Return to Summer/Fall 1995
Why I Sit
by Kimberly Anderson
(composed after a Yong Maeng Jong Jin meditation retreat)
I’ve been floating in and out of Chogye since about 1987 and so, when we moved to 14th Street, the first thing I noticed was the beautiful, shiny parquet wood floor. I’m glad that I like it so much since I’ve spent many hours watching it. So - it was very thrilling for me to discover in 1988 what I knew to be the darkest tile on the floor. And I really checked it out. And even after the altar was moved, that tile was still numero uno in the dark department. It felt good to be absolutely certain.
Often we come to practice for strange reasons and stay for even stranger ones. Mine has been the floor. Over the years, I’ve brought various people to Dharma talks. These experiences inevitably have prompted them to ask me why I practice Zen. Since I am still attached to my attachments, savouring them actually, I’ve made no secret of the fact that I hate chanting, hate kong-ans, hate interviews, but that I love to sit especially because I like the floor.
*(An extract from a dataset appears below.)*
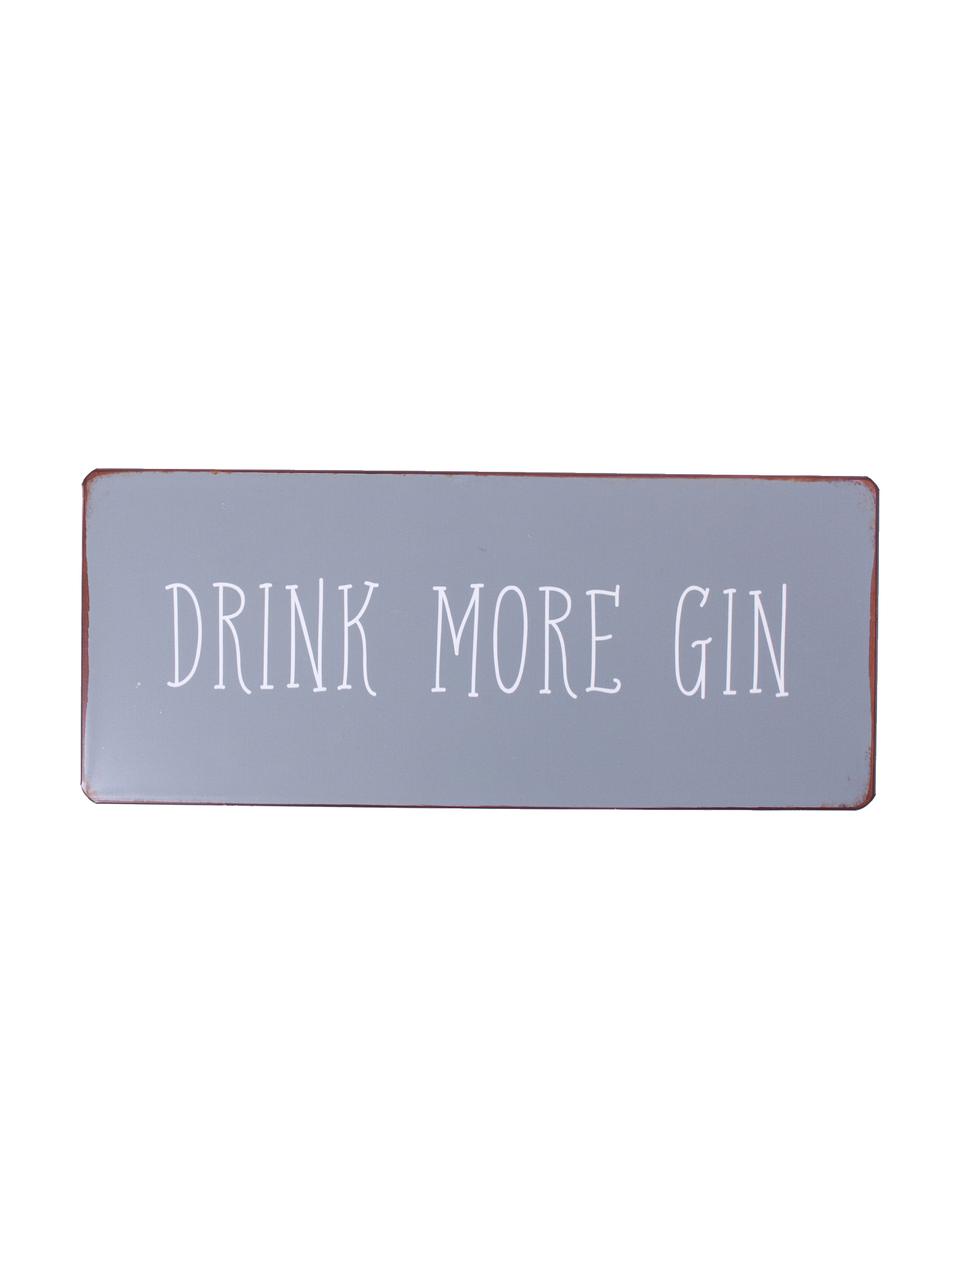 Wandschild Drink more gin, Metall, mit Motivfolie beklebt, Grau, Weiss, Rostfarben, 31 x 13 cm

In fact, I would add, I even know where the darkest tile is, challenging them to find it. They never could, of course, so I would triumphantly point it out to them after which they would give me polite but skeptical looks. Incidentally, none of these people has, to my knowledge, ever returned. Oh well.
This past retreat, I was sitting on my cushion, eyeing the floor when I suddenly realised after all these years that I had never bothered trying to find the lightest square. This oversight astonished me and so I joyfully set out on my new task when something really strange happened: I couldn't find the darkest square. It had simply disappeared. I tried every rational reason I could think of: the floor had been bleached, the floor had been replaced, our zen master knew with his no doubt immense telepathic powers that I was abnormally attached to this tile and had changed half of the slats of wood that comprise this tile with the slats of another tile. Then of course, the irrational thought came creeping in: could I have been wrong, in error, mistaken? I had to admit, it was a non-zero possibility. After all, the idea of the lightest tile had eluded me. I began to feel slightly sickened by uncertainty.
"Well," I thought to myself finally with enormous disappointment, "so much for progress." And then, just as I was about to start finding the darkest tile all over again, it hit me. Progress? What progress?! And for the rest of the retreat, I had to bite my bottom lip really hard to keep from laughing.